=== What you will do ===
Reproduce exactly the lines that run from the start of the records below to the line with "I WANT YOUR FLEX - Super Bowl Preview", inclusive.

Start of Block

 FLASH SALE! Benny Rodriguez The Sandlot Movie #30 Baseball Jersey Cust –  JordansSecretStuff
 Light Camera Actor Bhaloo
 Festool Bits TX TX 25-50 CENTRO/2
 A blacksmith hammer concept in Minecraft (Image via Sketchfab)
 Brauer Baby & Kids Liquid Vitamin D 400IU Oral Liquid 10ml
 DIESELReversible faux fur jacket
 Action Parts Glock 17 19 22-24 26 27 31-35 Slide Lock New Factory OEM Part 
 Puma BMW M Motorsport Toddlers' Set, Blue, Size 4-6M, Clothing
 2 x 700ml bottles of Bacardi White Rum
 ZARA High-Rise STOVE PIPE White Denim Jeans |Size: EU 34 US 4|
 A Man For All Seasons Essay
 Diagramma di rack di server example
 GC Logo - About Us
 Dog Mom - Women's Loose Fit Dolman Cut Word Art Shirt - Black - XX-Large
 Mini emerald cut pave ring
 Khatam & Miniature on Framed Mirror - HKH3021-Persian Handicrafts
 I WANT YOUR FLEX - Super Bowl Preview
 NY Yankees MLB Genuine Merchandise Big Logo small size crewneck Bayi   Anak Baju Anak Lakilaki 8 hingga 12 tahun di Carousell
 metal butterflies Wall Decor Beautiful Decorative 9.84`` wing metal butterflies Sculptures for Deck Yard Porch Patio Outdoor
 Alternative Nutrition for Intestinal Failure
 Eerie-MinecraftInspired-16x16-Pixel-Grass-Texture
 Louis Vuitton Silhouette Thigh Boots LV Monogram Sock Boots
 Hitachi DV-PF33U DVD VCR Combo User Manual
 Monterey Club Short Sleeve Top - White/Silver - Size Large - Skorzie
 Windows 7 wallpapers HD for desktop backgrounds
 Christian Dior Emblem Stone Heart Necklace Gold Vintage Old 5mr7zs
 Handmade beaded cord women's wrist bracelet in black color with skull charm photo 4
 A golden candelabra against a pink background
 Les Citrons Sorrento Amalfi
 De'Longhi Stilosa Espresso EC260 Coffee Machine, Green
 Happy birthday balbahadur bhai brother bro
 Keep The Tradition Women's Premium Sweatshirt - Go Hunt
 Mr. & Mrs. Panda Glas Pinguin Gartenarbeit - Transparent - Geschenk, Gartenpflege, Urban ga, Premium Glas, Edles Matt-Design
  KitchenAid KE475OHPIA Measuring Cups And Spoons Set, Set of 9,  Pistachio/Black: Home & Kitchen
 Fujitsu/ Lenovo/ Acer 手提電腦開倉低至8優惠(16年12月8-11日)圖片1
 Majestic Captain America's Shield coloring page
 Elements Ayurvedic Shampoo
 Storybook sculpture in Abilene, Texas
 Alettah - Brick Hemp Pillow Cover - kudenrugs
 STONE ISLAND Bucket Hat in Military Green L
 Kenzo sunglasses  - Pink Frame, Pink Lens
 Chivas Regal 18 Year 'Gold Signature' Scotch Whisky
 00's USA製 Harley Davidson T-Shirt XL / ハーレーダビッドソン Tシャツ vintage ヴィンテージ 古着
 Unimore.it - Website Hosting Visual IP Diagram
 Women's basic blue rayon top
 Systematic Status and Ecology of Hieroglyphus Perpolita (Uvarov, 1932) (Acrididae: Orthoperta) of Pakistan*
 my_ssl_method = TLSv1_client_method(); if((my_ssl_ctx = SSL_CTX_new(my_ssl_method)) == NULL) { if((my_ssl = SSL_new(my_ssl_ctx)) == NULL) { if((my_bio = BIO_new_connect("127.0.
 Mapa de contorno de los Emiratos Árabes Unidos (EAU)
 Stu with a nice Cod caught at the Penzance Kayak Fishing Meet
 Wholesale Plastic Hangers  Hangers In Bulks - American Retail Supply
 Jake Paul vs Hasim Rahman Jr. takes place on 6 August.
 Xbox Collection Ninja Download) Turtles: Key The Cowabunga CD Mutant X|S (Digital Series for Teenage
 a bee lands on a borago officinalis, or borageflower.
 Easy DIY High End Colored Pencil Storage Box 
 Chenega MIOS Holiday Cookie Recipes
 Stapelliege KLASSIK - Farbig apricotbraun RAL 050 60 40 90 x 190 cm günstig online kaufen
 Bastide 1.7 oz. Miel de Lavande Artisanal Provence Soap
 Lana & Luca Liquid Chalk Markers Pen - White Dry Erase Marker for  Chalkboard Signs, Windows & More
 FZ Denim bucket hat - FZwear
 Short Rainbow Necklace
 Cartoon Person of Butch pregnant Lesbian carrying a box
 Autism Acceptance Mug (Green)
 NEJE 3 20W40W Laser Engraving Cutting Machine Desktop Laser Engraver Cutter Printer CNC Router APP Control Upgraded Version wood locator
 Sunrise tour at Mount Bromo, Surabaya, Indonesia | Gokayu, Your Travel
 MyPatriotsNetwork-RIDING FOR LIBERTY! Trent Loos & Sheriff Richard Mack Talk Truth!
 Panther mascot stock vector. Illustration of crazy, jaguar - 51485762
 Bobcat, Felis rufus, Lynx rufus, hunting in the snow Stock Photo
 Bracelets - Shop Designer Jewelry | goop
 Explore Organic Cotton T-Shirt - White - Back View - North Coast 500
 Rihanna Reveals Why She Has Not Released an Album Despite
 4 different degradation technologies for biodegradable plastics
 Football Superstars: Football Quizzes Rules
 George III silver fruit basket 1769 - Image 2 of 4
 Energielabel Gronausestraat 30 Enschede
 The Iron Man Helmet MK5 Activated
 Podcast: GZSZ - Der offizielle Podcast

End of Block

=== Final answer ===
 FLASH SALE! Benny Rodriguez The Sandlot Movie #30 Baseball Jersey Cust –  JordansSecretStuff
 Light Camera Actor Bhaloo
 Festool Bits TX TX 25-50 CENTRO/2
 A blacksmith hammer concept in Minecraft (Image via Sketchfab)
 Brauer Baby & Kids Liquid Vitamin D 400IU Oral Liquid 10ml
 DIESELReversible faux fur jacket
 Action Parts Glock 17 19 22-24 26 27 31-35 Slide Lock New Factory OEM Part 
 Puma BMW M Motorsport Toddlers' Set, Blue, Size 4-6M, Clothing
 2 x 700ml bottles of Bacardi White Rum
 ZARA High-Rise STOVE PIPE White Denim Jeans |Size: EU 34 US 4|
 A Man For All Seasons Essay
 Diagramma di rack di server example
 GC Logo - About Us
 Dog Mom - Women's Loose Fit Dolman Cut Word Art Shirt - Black - XX-Large
 Mini emerald cut pave ring
 Khatam & Miniature on Framed Mirror - HKH3021-Persian Handicrafts
 I WANT YOUR FLEX - Super Bowl Preview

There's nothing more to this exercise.